Mind you, not a band that rocks, but a band of rocks. This exclamation represents Weapons of Mass Creation.

Pan Pantoja (vocals), Joe Atack (guitar), Aric Shapiro (bass) and Preciado (drums) look like four random guys that have been selected for a police lineup. If this were a movie, they would be an unlikely coterie of misfits brought together by chance and Hollywood alchemy to combat some evil drug lord. And, the way they all get along and interact, they look like four dudes at the end of a buddy comedy gleaming over each other.

In fact, because of their diverse backgrounds and interests, it seems unlikely that they would have formed a band in the first place.

“I never even wanted to be in a band,” says Pantoja. Then, after a little reflection, he adds, “I’m a terrible vocalist.”

The band had an accidental origin. Pantoja, who is a performance poet, asked Atack to help him out with a performance, and the band sprang organically from that.

Because they didn’t consciously set out to form a band, they aren’t interested in the normal selfish motivations to which some musicians fall victim. They’re not interested in image, or picking up chicks. Three of the four members are married. They’re all in their late 20s, and this gives them the maturity and freedom to pursue their art for art’s sake.

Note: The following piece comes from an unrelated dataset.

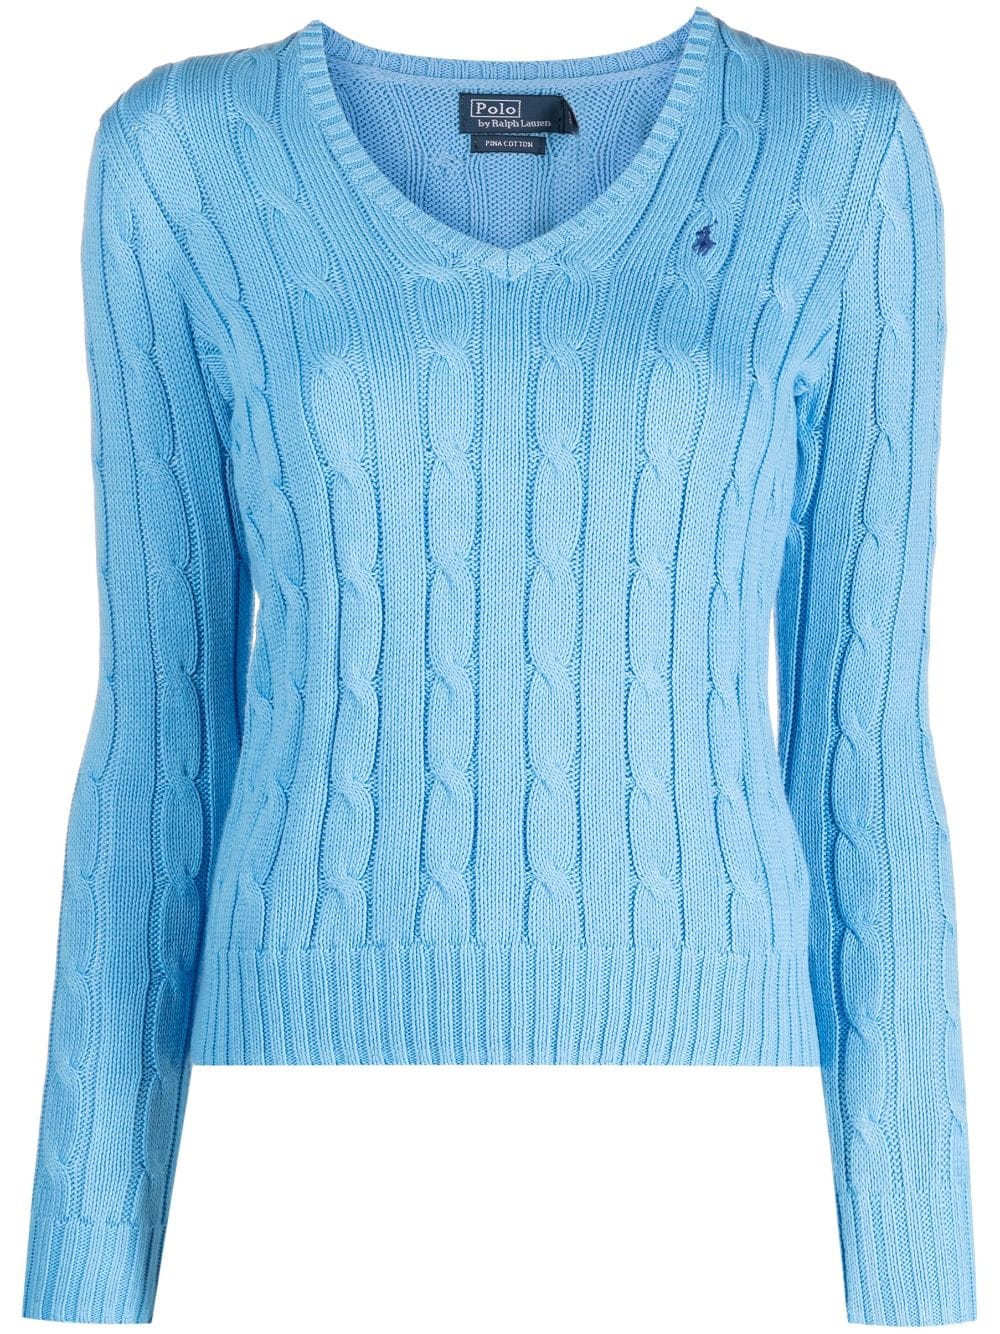 Polo Ralph Lauren Kimberly Polo Pony cable-knit Jumper - Farfetch

“I don’t expect to gain anything from this; it’s not about gaining anything, man, it’s about giving,” says Shapiro.

Though their lyrics touch on current issues and American policy, like immigration and income inequality, they insist they’re not a political band.

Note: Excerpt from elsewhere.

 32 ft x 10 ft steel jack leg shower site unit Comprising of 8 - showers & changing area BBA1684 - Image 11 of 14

“I’m just sticking up for people that get picked on,” says Pantoja.

“The idea behind the band was to try to inspire people to stand up for things they believe in,” says Atack. “It’s more like social commentary than political commentary. We’re more a weapon against apathy, I think, than anything else.”

They all have deep convictions, but the group insists they welcome dissent, and the way their shows function, they’re more like high octane town hall meetings than rock shows.

“I guess when I speak, I am inviting other people to speak as well, and I’ve often seen that happen,” says Pantoja.

Because of the band members’ reputation of bringing their message to the public with energy, they’re aligned with the Occupy Reno events, but they’re not simply following some fad. They’ve been saying these same sorts of things for years. However, they are excited to see that such a large group of people are frustrated over the same issues.

Their message does seem to bear a lot of similarities to the worldwide protests going on, as does their ultimate goal. When discussing their upcoming November tour of Montana, they talk about the excitement of being able to spread their message to a different audience, and just simply to get people thinking and talking about the issues.

But, deep down they are just common folks, trying to give voice to those who lack one, which brings us back to this band of rocks. If we can envision each word of Pantoja’s poetry, each note from Atack and Shapiro and each thunder-strike from Preciado as a rock, then they are amassing an arsenal, and it’s spreading. But their intention is not one of turbulence. In other words, they are not in the business of casting stones, but of building foundations, of creation rather than destruction.